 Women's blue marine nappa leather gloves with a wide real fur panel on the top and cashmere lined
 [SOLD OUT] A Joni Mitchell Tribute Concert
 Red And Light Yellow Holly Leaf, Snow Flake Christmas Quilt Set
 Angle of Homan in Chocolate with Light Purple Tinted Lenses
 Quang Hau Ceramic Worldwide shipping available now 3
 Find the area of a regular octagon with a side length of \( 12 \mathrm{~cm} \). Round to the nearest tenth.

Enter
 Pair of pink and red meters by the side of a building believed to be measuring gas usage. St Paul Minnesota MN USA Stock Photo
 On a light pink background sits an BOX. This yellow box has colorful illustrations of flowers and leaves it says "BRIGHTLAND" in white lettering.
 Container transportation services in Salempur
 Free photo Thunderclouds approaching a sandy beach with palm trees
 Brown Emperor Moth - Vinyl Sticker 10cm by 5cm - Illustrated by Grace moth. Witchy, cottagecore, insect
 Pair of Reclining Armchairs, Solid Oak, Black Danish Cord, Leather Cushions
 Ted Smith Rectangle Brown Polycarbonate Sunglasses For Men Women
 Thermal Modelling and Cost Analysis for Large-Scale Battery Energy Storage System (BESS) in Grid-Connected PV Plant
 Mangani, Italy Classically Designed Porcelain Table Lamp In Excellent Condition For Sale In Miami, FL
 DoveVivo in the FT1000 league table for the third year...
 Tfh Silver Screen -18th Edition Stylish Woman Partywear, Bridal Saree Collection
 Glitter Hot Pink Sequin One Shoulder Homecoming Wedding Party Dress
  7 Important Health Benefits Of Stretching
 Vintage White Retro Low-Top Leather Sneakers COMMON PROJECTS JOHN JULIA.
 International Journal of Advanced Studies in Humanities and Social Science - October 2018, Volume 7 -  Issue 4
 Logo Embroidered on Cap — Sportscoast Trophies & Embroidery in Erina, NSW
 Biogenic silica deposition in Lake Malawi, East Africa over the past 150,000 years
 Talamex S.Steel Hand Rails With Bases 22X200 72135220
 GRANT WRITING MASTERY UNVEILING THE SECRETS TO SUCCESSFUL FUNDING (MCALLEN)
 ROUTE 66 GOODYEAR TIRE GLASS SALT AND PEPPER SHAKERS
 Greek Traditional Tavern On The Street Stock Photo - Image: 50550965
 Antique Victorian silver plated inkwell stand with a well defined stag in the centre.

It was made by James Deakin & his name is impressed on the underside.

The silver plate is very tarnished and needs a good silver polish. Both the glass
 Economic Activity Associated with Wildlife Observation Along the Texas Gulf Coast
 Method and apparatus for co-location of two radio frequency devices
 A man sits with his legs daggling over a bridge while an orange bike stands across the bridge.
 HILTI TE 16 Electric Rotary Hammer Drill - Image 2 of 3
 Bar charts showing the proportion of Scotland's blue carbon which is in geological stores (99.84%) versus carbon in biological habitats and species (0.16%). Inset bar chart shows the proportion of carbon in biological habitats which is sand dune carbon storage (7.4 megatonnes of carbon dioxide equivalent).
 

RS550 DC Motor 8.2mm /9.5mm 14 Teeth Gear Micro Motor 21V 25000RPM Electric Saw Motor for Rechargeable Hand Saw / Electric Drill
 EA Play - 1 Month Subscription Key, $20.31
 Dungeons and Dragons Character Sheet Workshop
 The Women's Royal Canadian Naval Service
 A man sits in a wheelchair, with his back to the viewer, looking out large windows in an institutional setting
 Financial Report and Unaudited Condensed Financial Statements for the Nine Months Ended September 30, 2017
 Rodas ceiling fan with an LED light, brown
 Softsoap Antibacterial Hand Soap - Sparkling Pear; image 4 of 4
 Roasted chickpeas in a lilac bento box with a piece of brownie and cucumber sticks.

+++

What is being asked:
Retype every line up to and including the one that contains "Pair of pink", beginning at the first line of the records, with no edits.

Answer below:
 Women's blue marine nappa leather gloves with a wide real fur panel on the top and cashmere lined
 [SOLD OUT] A Joni Mitchell Tribute Concert
 Red And Light Yellow Holly Leaf, Snow Flake Christmas Quilt Set
 Angle of Homan in Chocolate with Light Purple Tinted Lenses
 Quang Hau Ceramic Worldwide shipping available now 3
 Find the area of a regular octagon with a side length of \( 12 \mathrm{~cm} \). Round to the nearest tenth.

Enter
 Pair of pink and red meters by the side of a building believed to be measuring gas usage. St Paul Minnesota MN USA Stock Photo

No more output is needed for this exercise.